In this paper, combined with the effect of F-T on the physical and mechanical properties of sandstone, the peak strength and elastic modulus of sandstone with different F-T cycles were tested, and the variance analysis method (ANOVA) in statistics was used to quantitatively analyze the influence of F-T factors on the peak strength and elastic modulus. Based on the critical failure energy function, the compressive strength of sandstone under complex stress is reasonably predicted.

2. Materials and Methods

2.1. Preparation of Sandstone Samples

The rock samples in this experiment were taken from the same intact rock block without joints, and 20 sandstone samples of Φ50 mm × 100 mm were prepared according to the standards of the International Society of Rock Mechanics. During cutting, the unevenness of the upper and lower ends of the rock sample was not more than 0.05 mm, and the height error of each rock sample was within 0.3 mm. Ultrasonic velocity test was carried out on the samples with complete appearance, and 20 samples with similar quality were selected and divided into 10 groups (2 samples in each group). The first five groups were dried in the oven to remove the excessive moisture in the sample, and the latter five groups were treated with vacuum saturation method to make the sample fully saturated. The preparation of dry and saturated samples is shown in Figure 1.

(a)

(b)

(c)

(d)

(a)
(b)
(c)
(d)

Figure 1 

Selection and preparation of samples. (a) Smoothness test. (b) Wave speed measurement. (c) Dryer drying. (d) Vacuum saturation device.

Firstly, 20 cut samples were put into the oven and dried at a constant temperature of 105° for 48 h. Ten remaining samples were put into the vacuum water saturation device and stored for 48 hours to prepare the saturated samples. The air pressure in the device was controlled at −0.1 MPa during the whole process. The saturated moisture content of the sample is about 3.1%.

The obtained dry and saturated samples were subjected to 5, 10, 20, 40, and 60 F-T cycles at −20°C and 20°C. The sample numbers are shown in Table 1, and the process is shown in Figure 2.

Figure 2 

F-T cycle test.

2.2. Test Method and Process

In this experiment, TAW-2000 electrohydraulic servo rock triaxial test instrument was used for uniaxial compression test. The maximum test force of the instrument was 2000 kN. The load and axial deformation of the sample during compression were directly measured by the instrument display system.
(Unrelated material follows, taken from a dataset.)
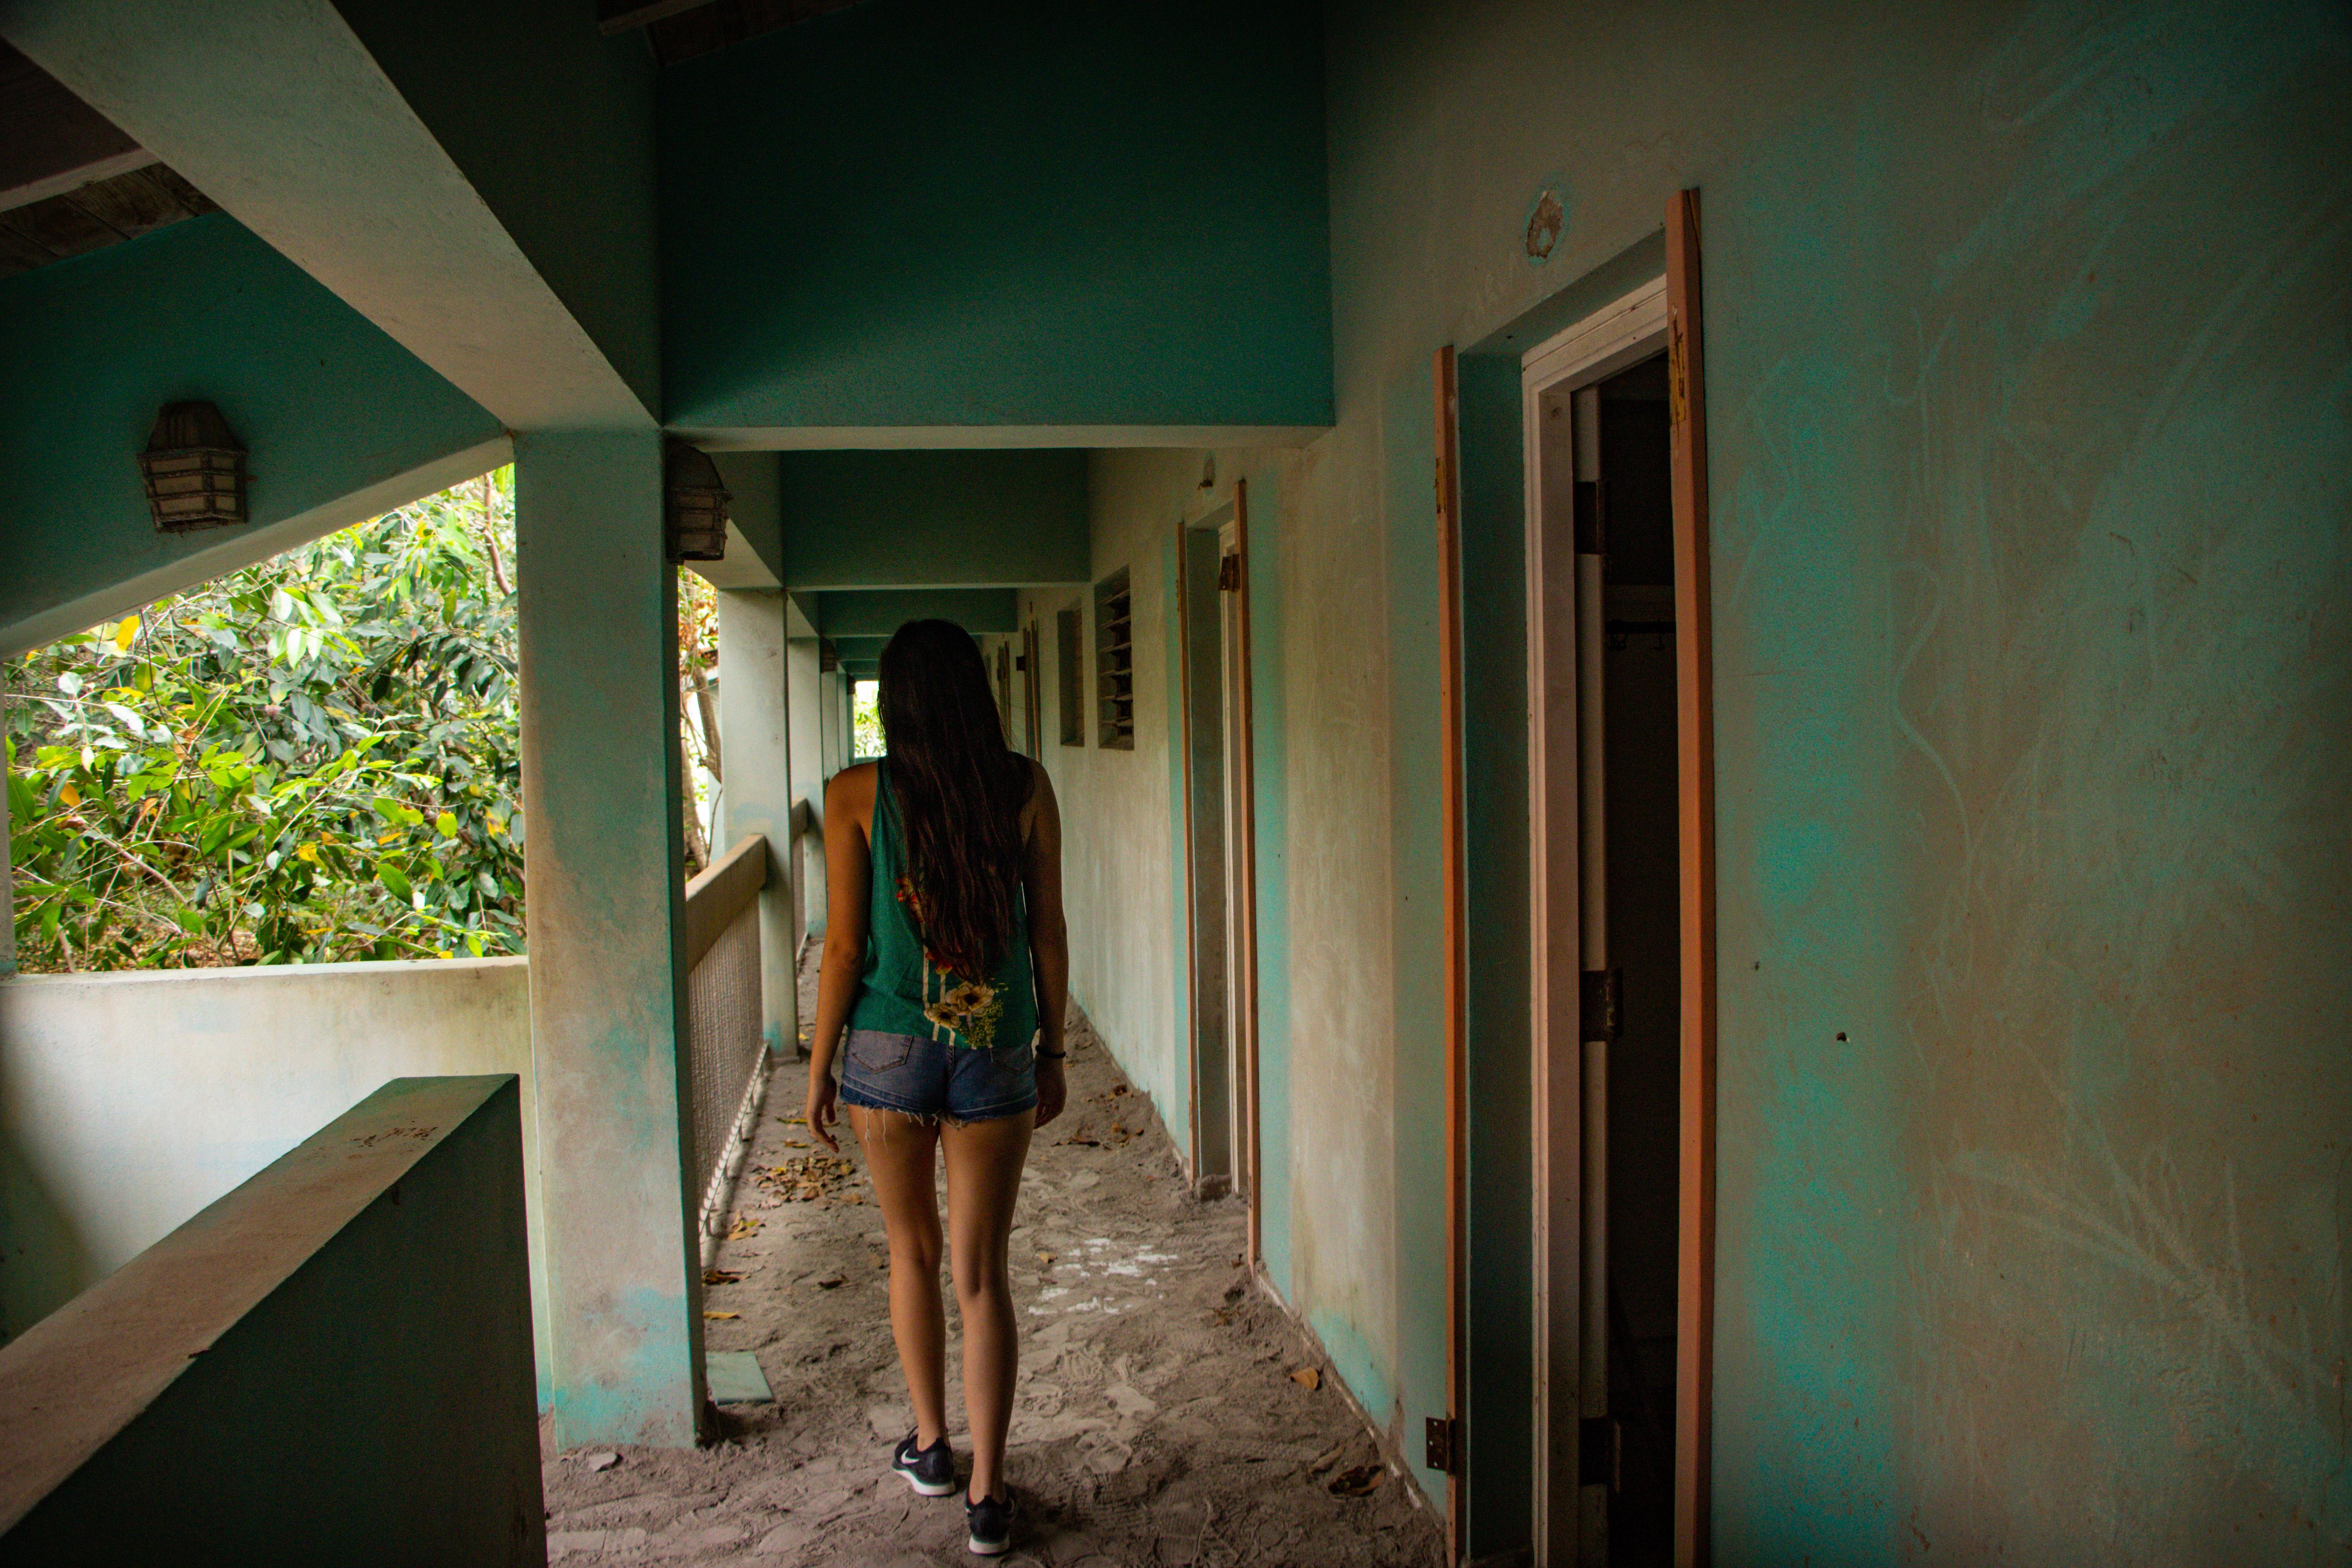 Plymonth montserrat hotel fantasma

In the process of uniaxial compression, in order to obtain the full stress-strain curve of the specimen, displacement was controlled at the rate of 0.05 mm/min when loading [26].

3. Results and Discussion

3.1. Physical and Mechanical Properties of Samples after F-T Cycles

3.1.1. Variation of Stress-Strain Curves of Sandstone Samples

Based on the uniaxial compression test after F-T cycles, the stress-strain curves of dry and saturated sandstone after 5, 10, 20, 40, and 60 F-T cycles are recorded as shown in Figure 3.

(a)

(b)

(a)
(b)

Figure 3 

Stress-strain relationship of sandstone with different F-T cycles. (a) Dry sandstone. (b) Saturated sandstone.
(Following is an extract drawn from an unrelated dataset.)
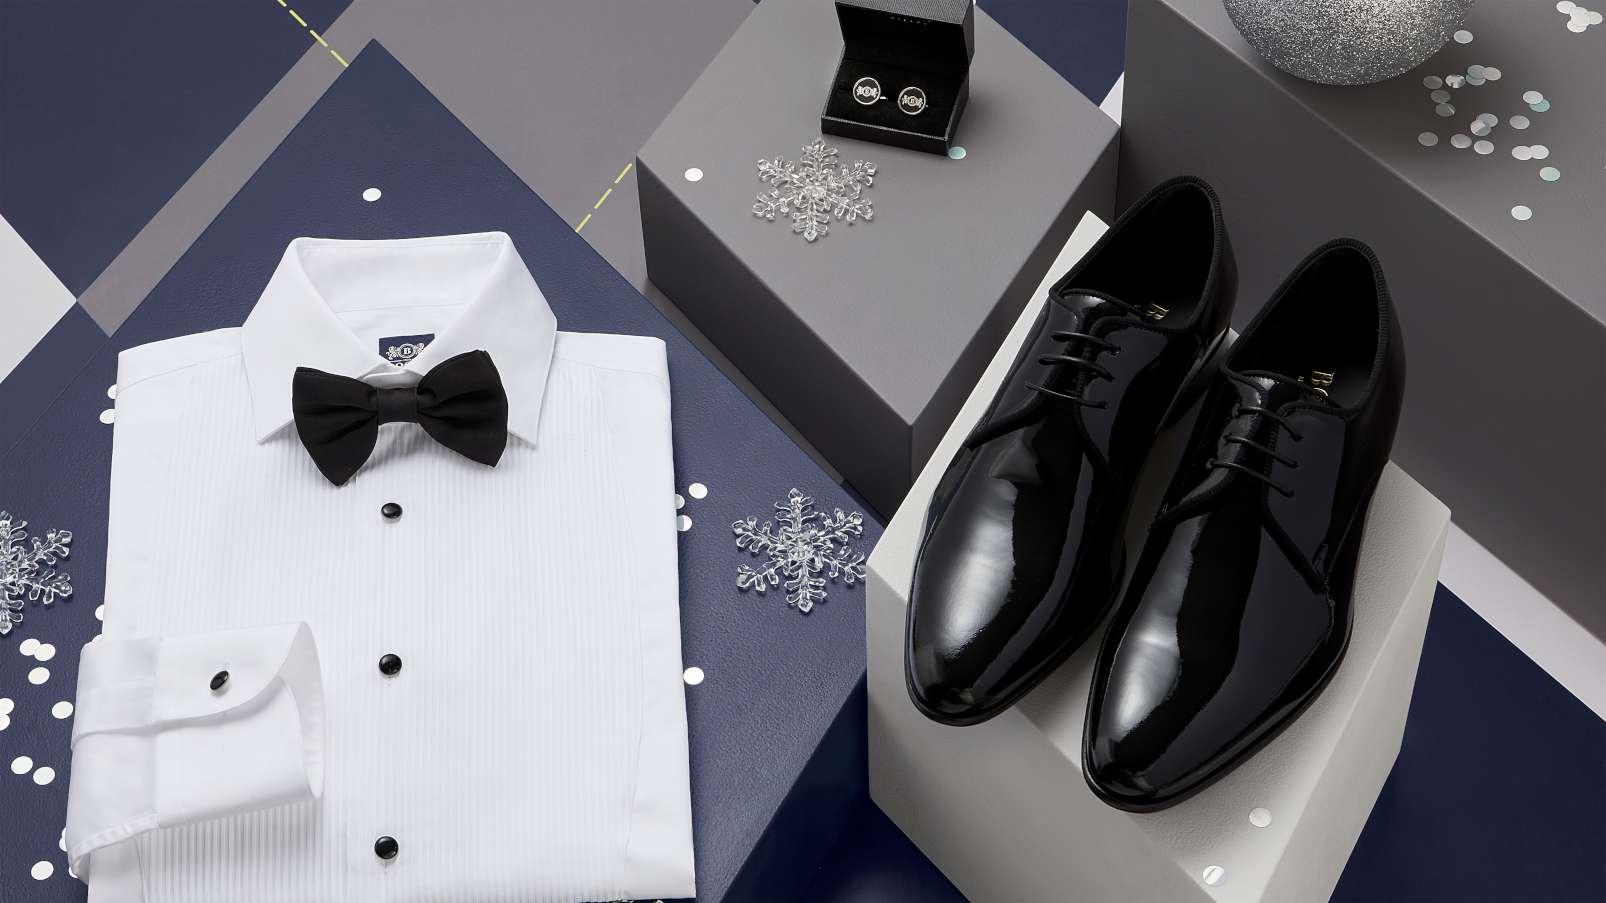 Boggi Milano gifts tuxedo shirt, black silk pre-tied bow tie, studs and cufflinks

With the increase of F-T cycles, the peak stress of sandstone decreases gradually. The peak stress of dry sandstone decreases obviously by 11.13 MPa after 40 F-T cycles. The peak stress of saturated sandstone decreased by 13.83 MPa after 10 F-T cycles. After 5 F-T cycles, the peak strength of dry rock samples decreases by 55.3% and that of saturated rock samples decreases by 56.8% after 60 F-T cycles.

In the early stage of loading process, the sandstone is in the pore compaction stage, and the curve is characterized by concave growth. As the skeleton of the pore compacted sandstone begins to bear the load and the force is within the elastic range, the stress-strain curve is nearly a straight line. When it reaches the yield stress, the sandstone particles produce vertical slip, and the internal microcracks gradually grow and plastic deformation occurs. When the stress reaches the peak value, the microcracks generated in the yield stage are connected to each other to form a fracture surface. At this point, the strain continues to increase, and the instantaneous decrease of stress indicates the failure of sandstone.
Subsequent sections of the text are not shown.